◆ **Supplied information**:
▬▬▬▬▬▬▬▬▬▬

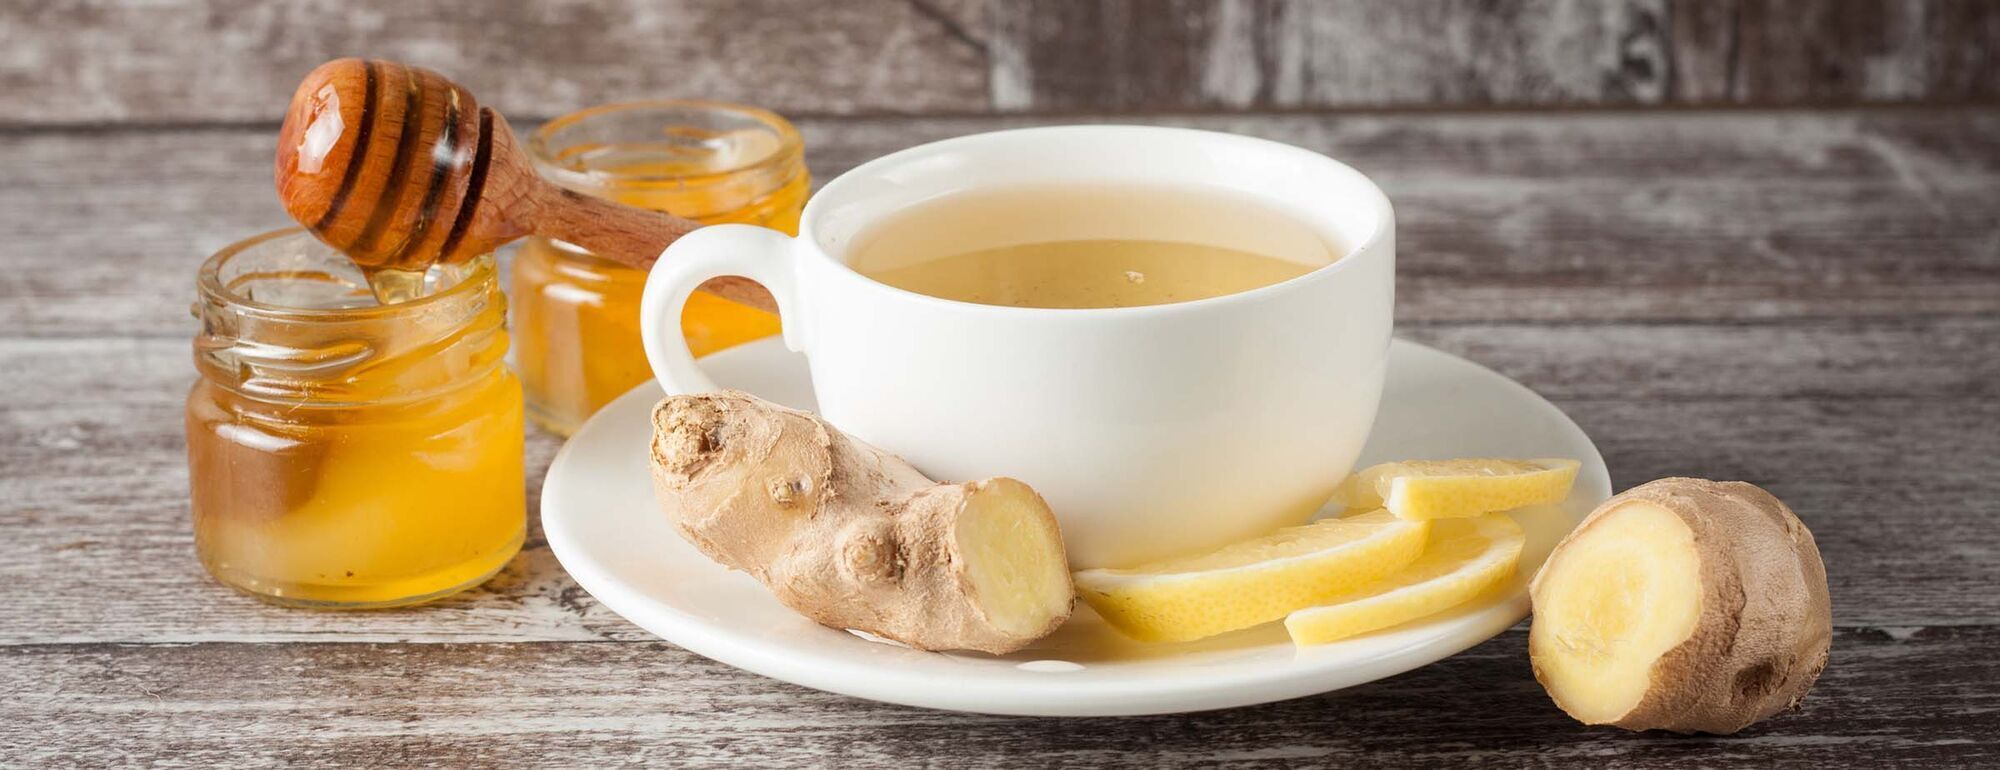 Чому не можна додавати мед в окріп одразу після заварювання чаю: розвіюємо міфи 
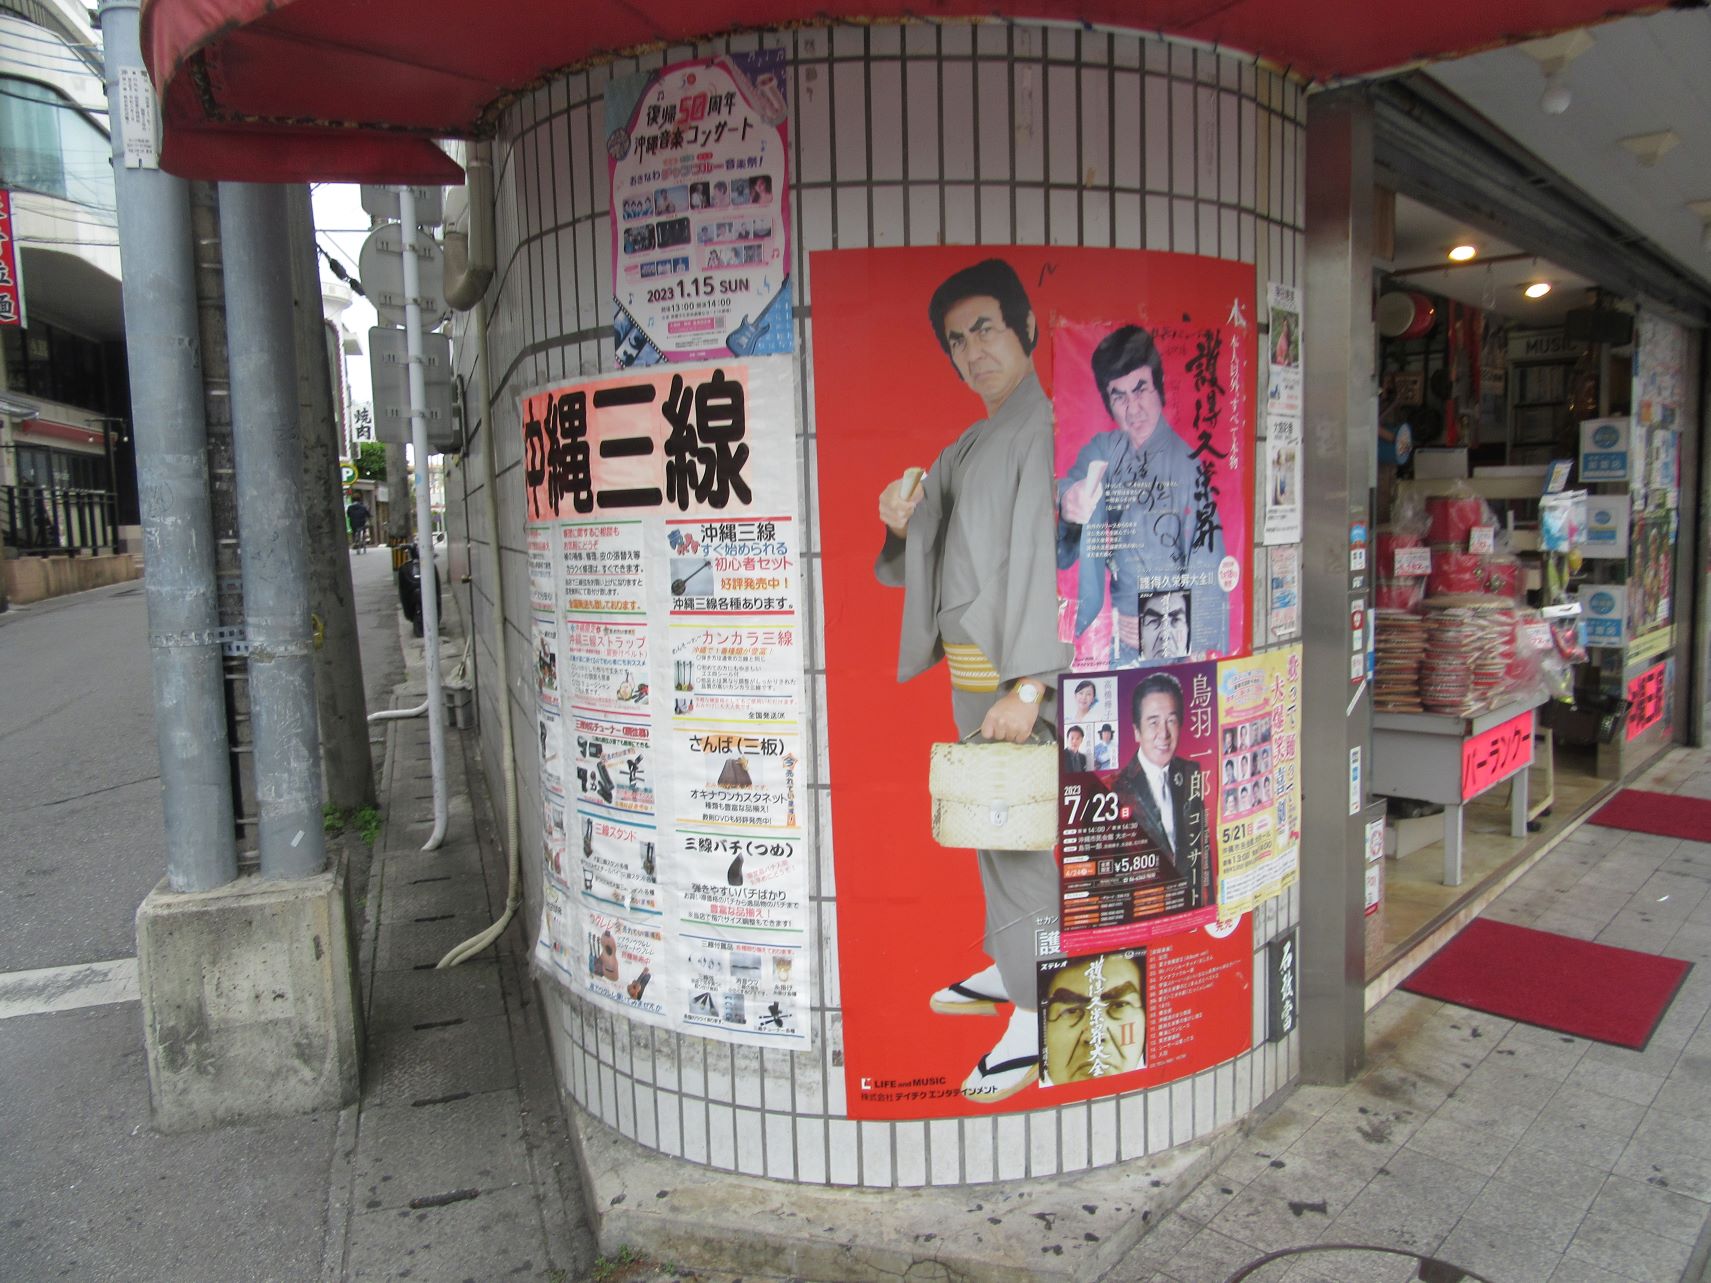 国際通りにある。護得久栄昇先生のポスター。
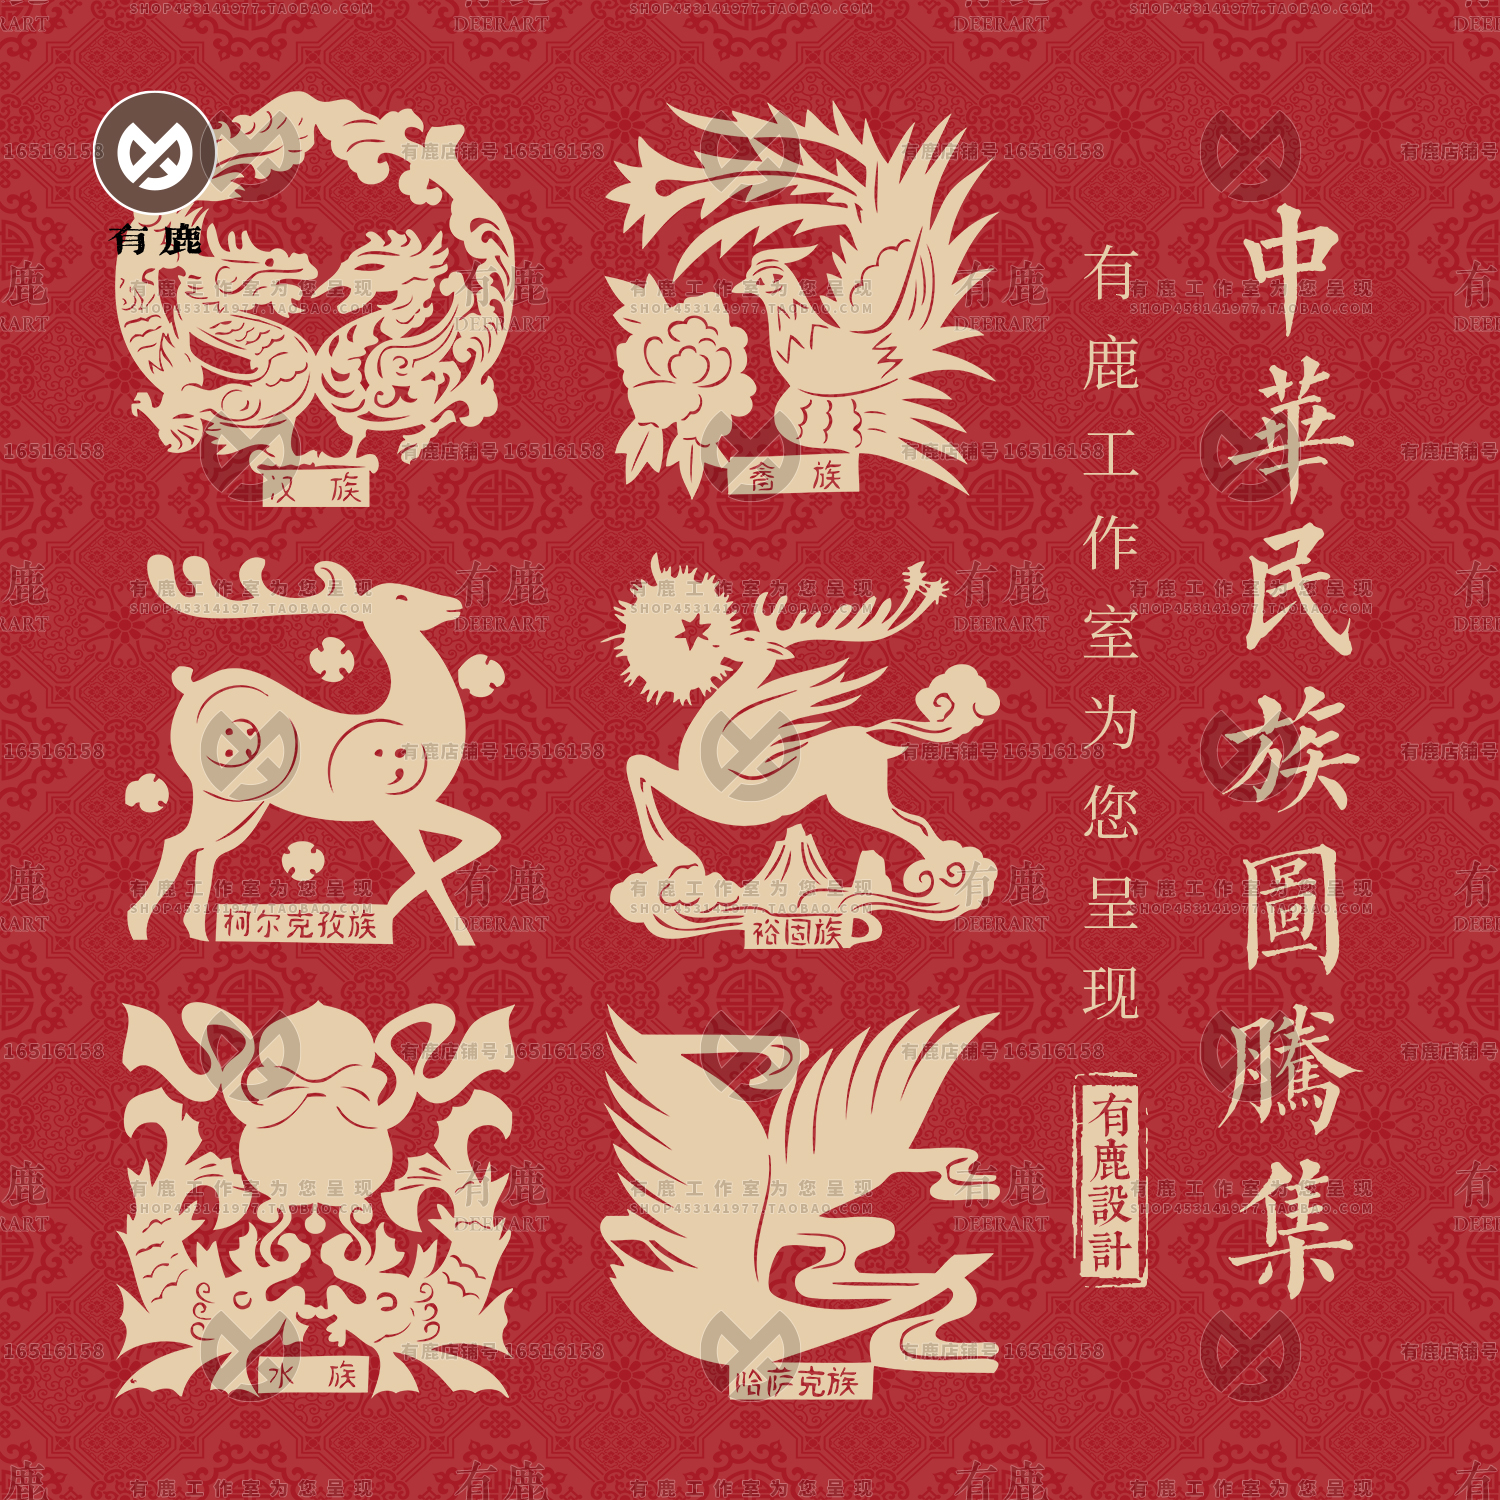 中华民族中国传统56个少数民族图腾符号纹样矢量素材png免抠图案

▬▬▬▬▬▬▬▬▬▬

◆ **Assignment**: The finished copy should match the data above word for word and contain no pictures.

◆ **Answer to the problem**:
 Чому не можна додавати мед в окріп одразу після заварювання чаю: розвіюємо міфи 
 国際通りにある。護得久栄昇先生のポスター。
 中华民族中国传统56个少数民族图腾符号纹样矢量素材png免抠图案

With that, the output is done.